» Task directions
Could you print the listing again exactly, omitting the pictures?

» Information supplied
◇ ◇ ◇
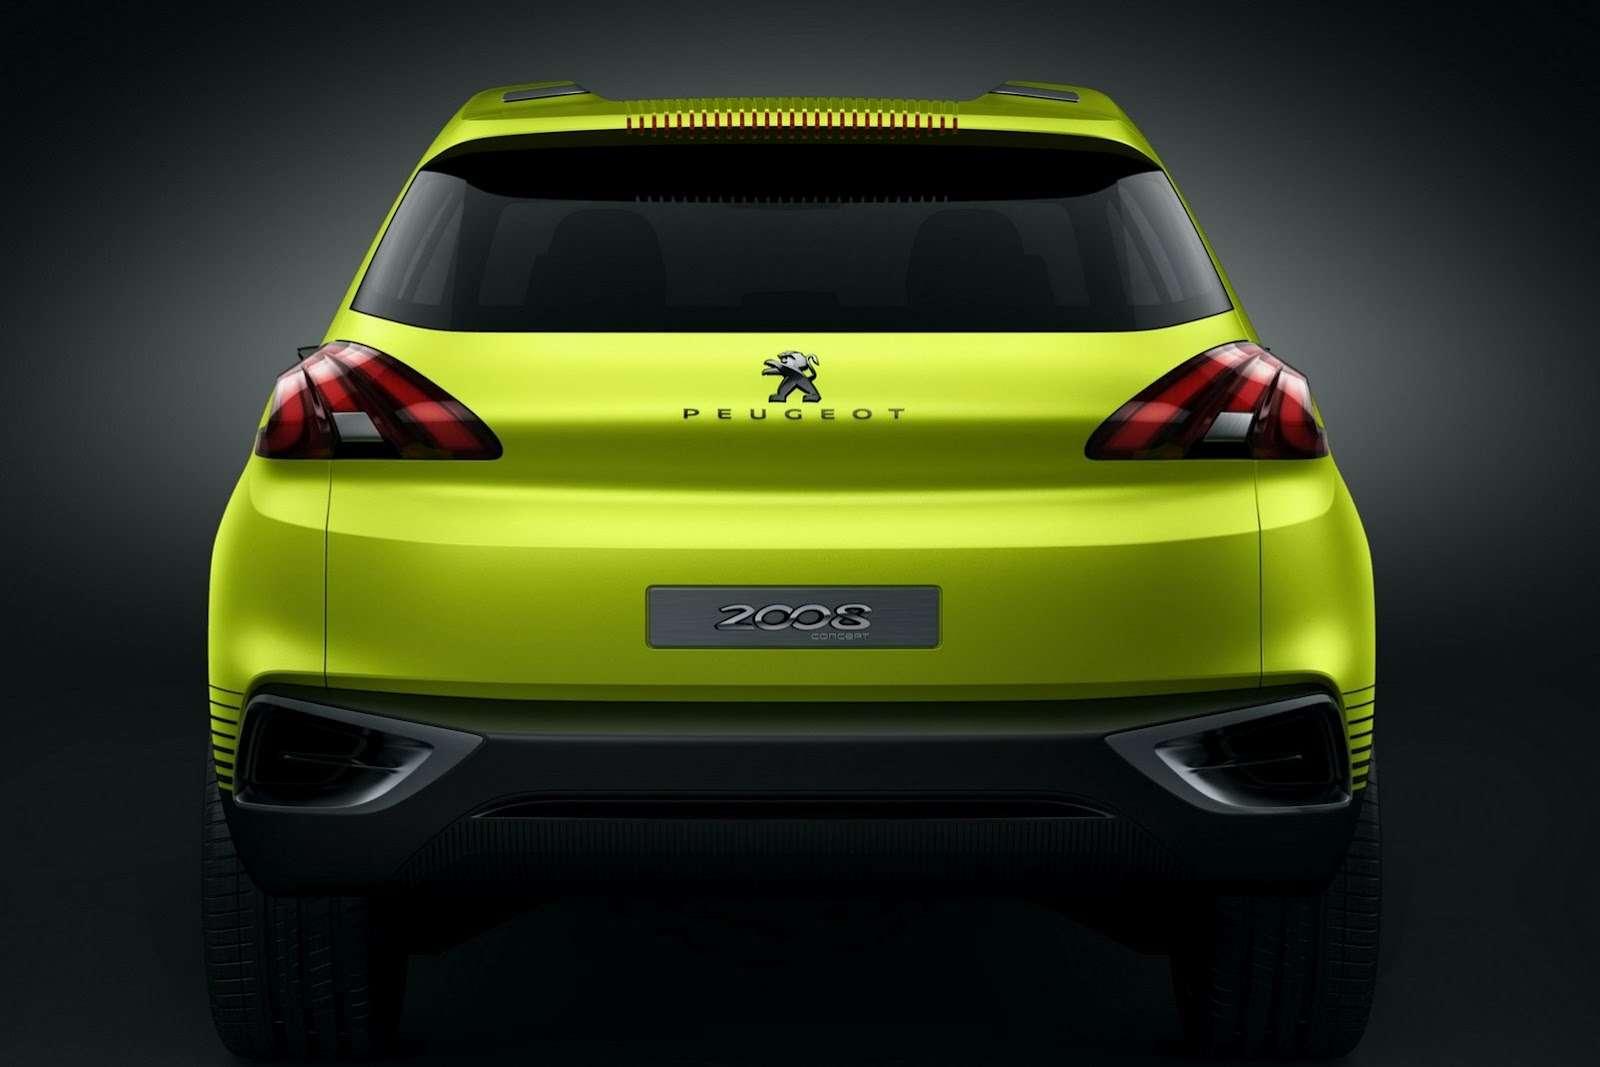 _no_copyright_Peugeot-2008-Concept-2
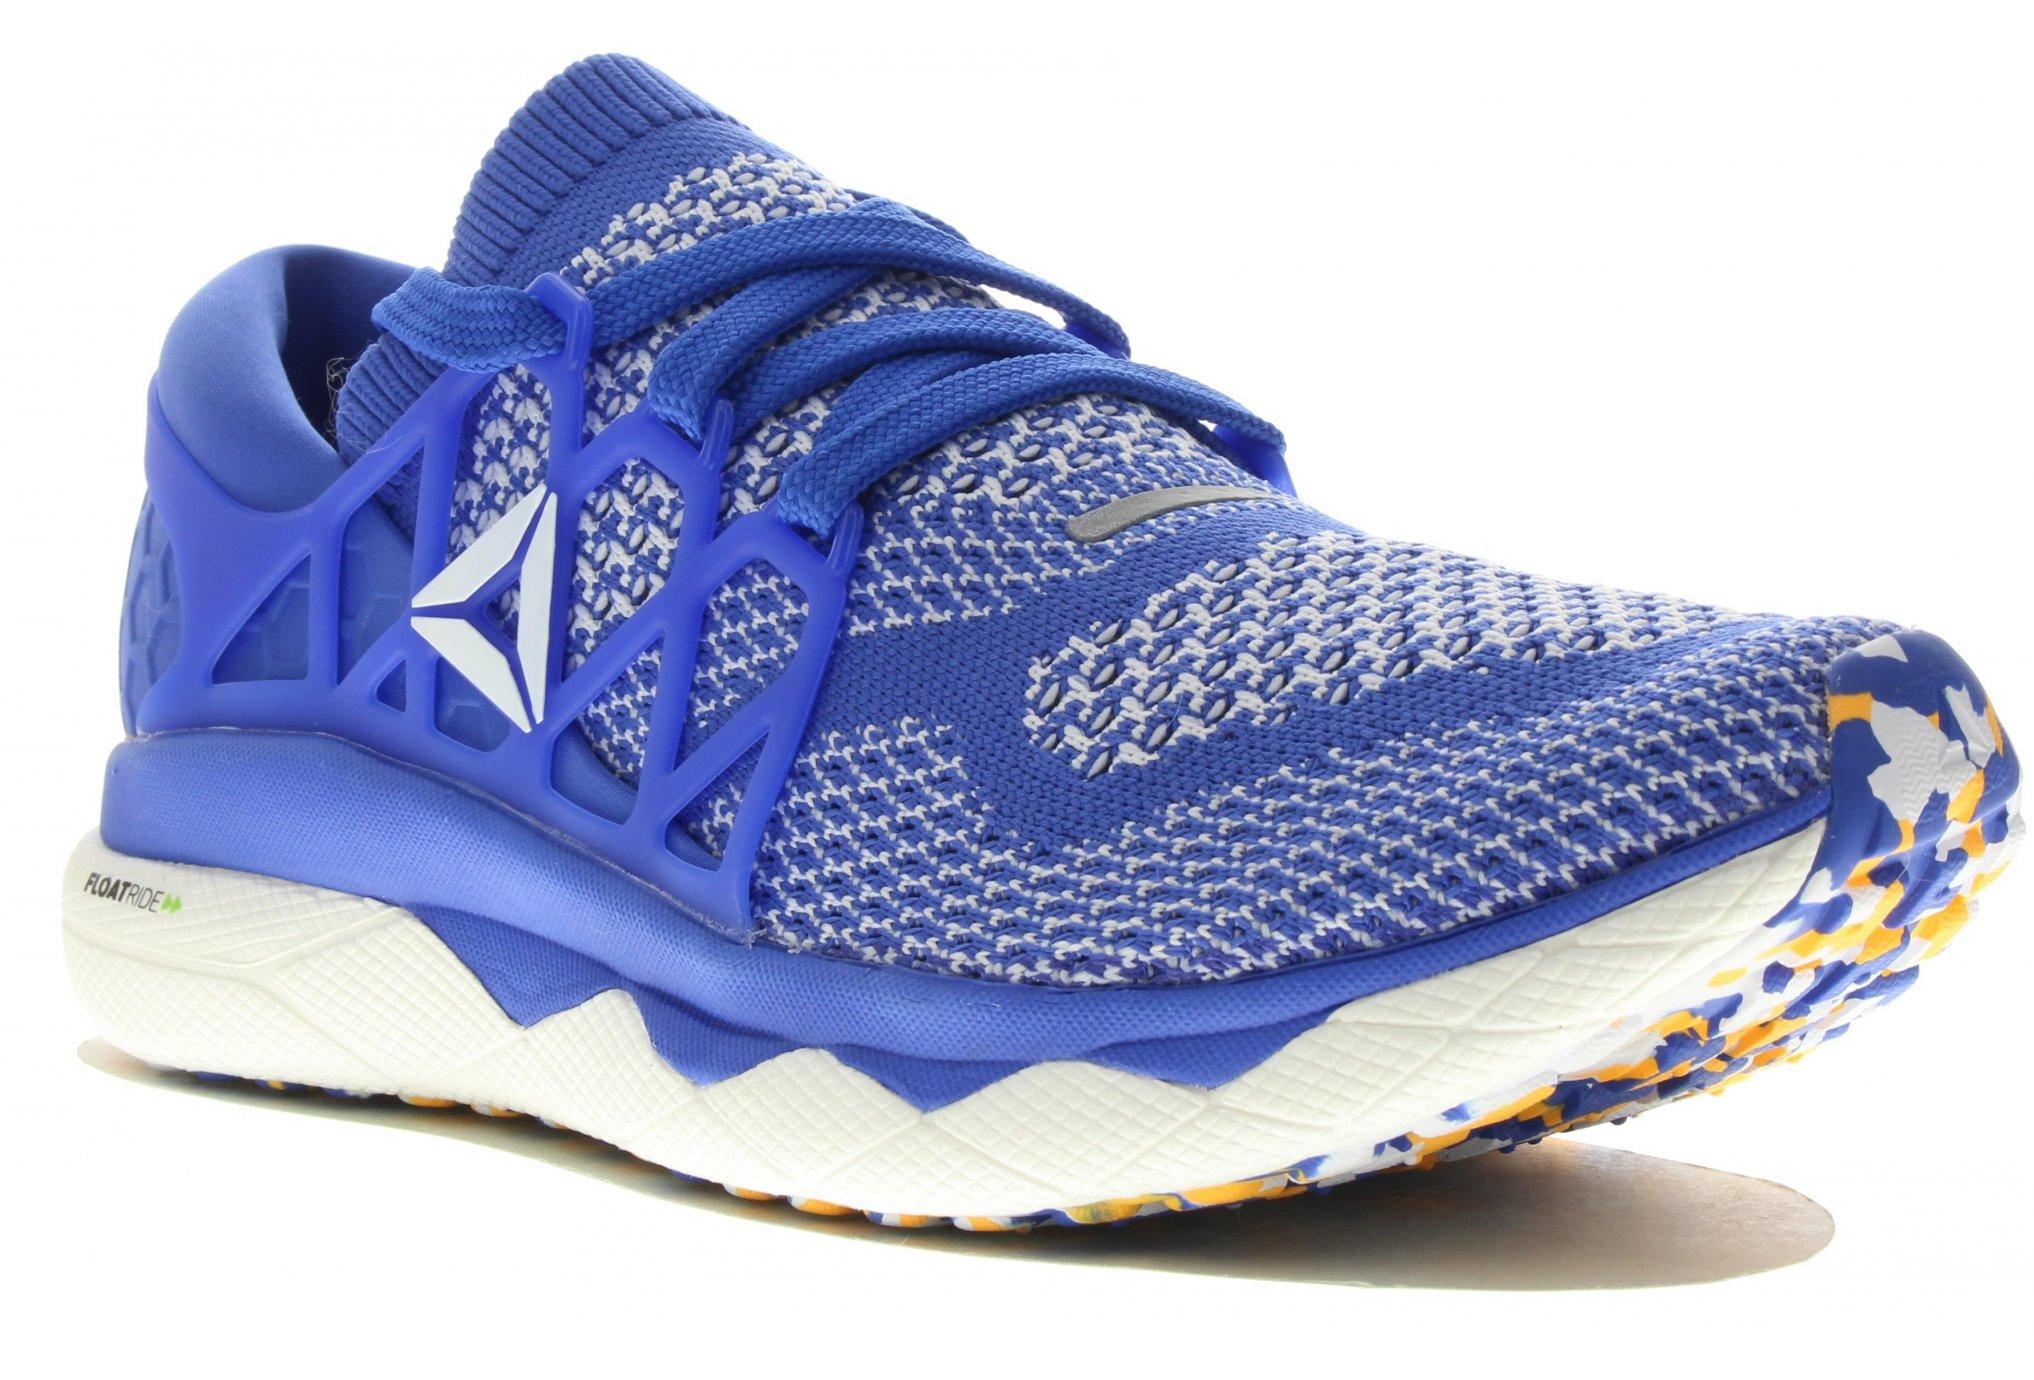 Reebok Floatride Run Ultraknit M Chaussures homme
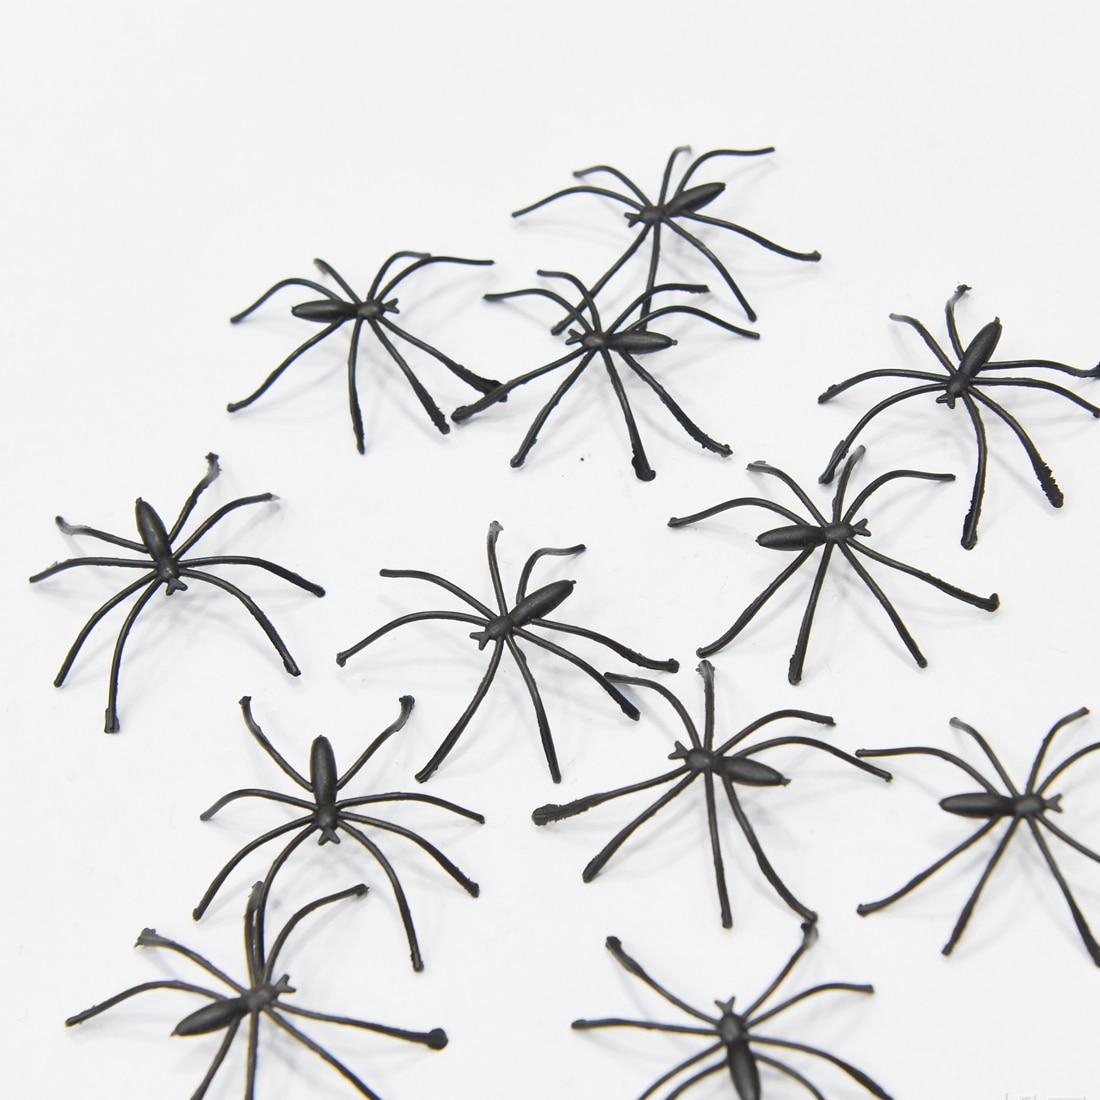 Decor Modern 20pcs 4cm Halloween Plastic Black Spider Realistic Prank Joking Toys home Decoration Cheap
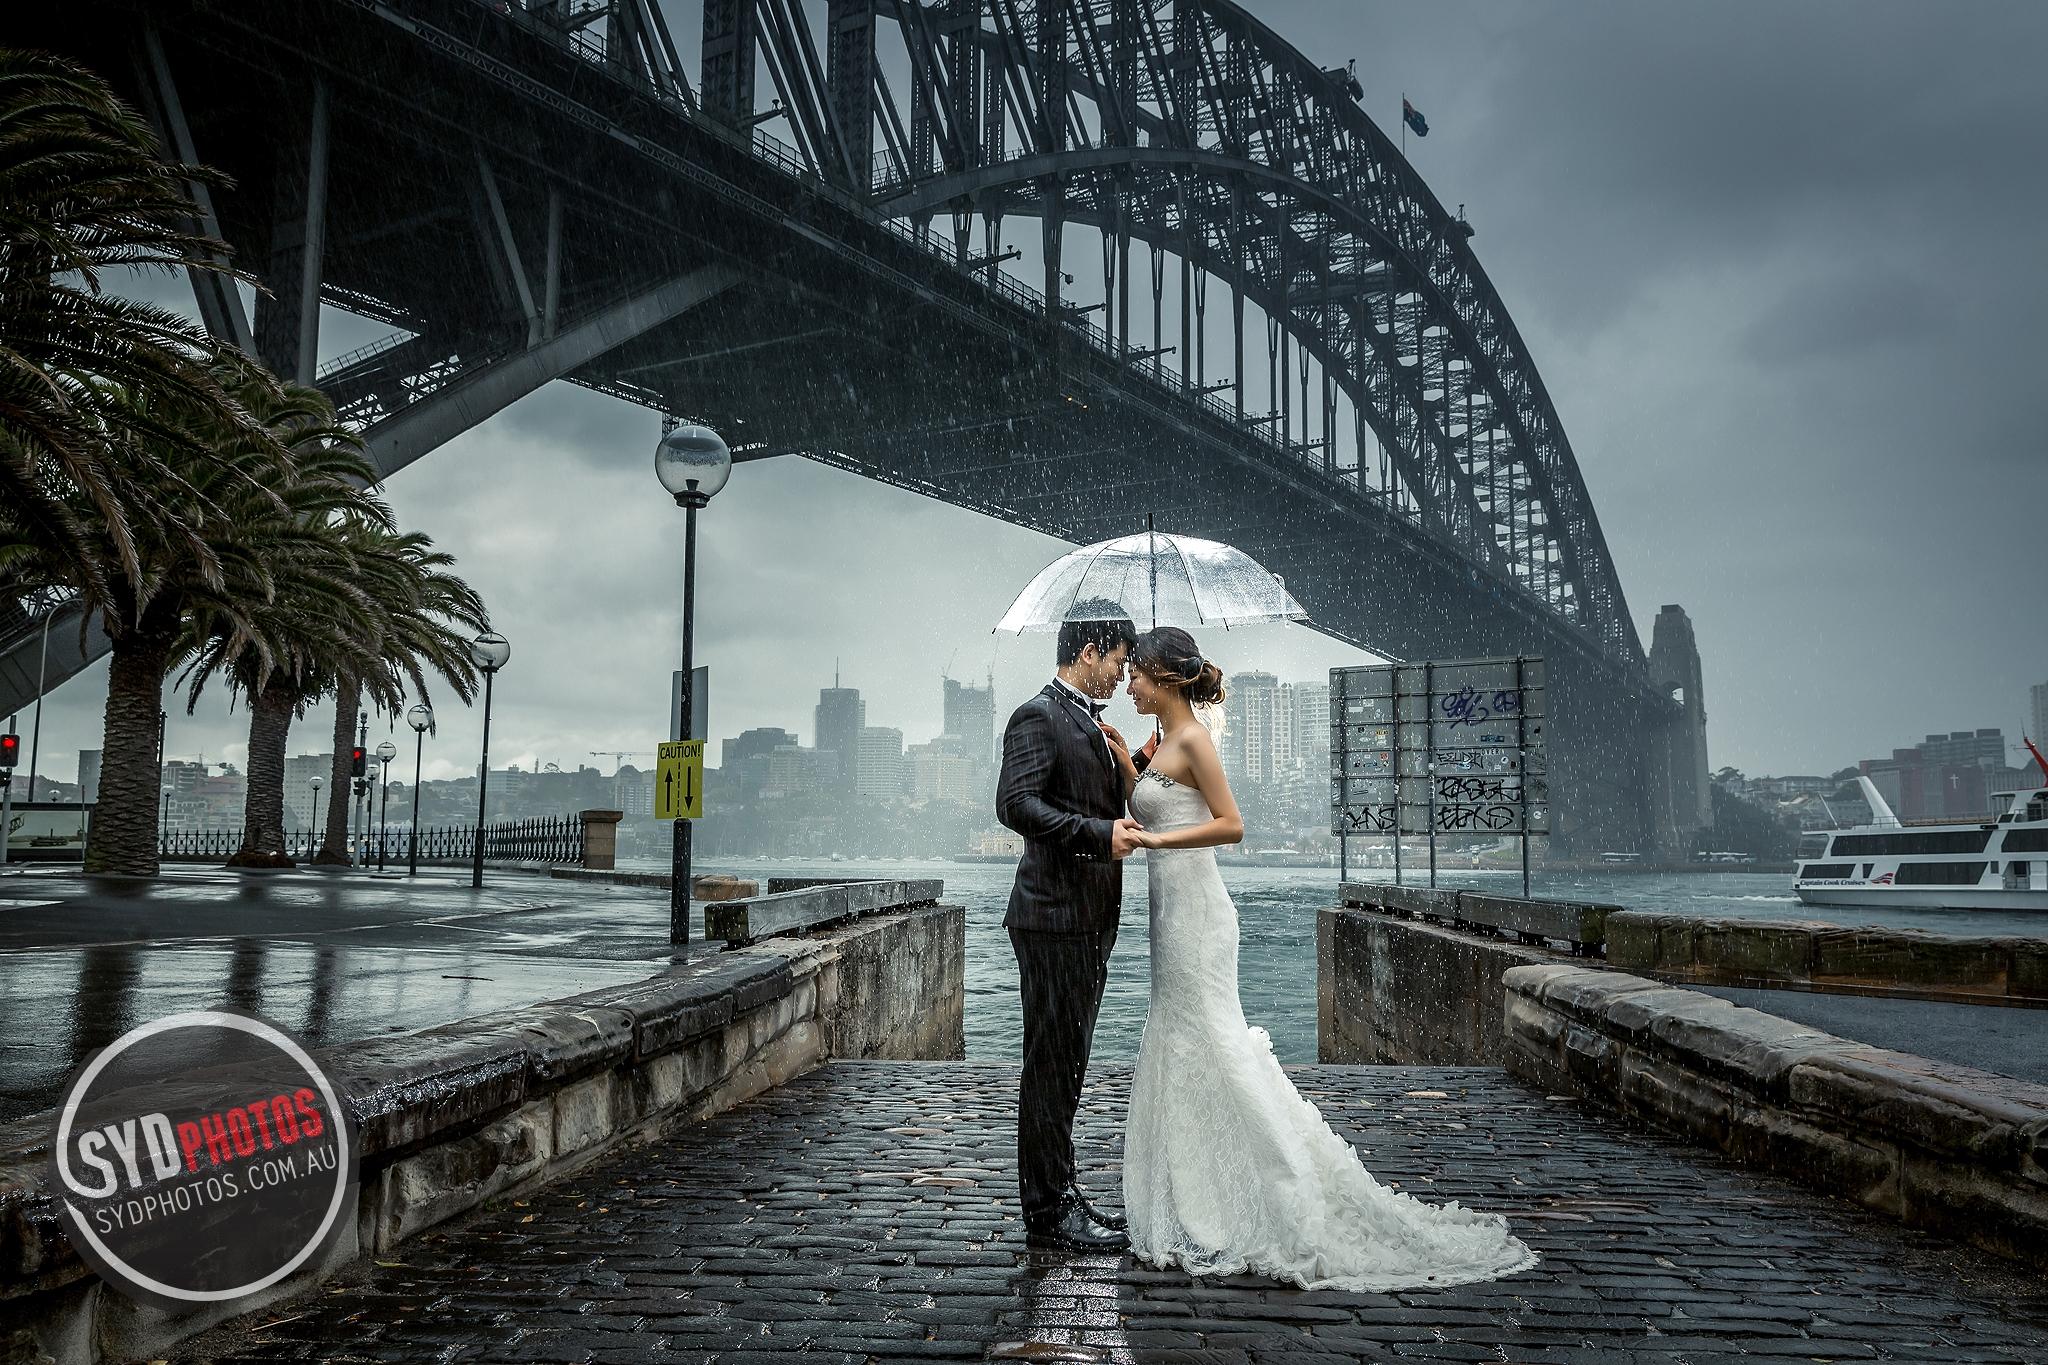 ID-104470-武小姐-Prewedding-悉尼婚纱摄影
◇ ◇ ◇
» Exercise answer
 _no_copyright_Peugeot-2008-Concept-2
 Reebok Floatride Run Ultraknit M Chaussures homme
 Decor Modern 20pcs 4cm Halloween Plastic Black Spider Realistic Prank Joking Toys home Decoration Cheap
 ID-104470-武小姐-Prewedding-悉尼婚纱摄影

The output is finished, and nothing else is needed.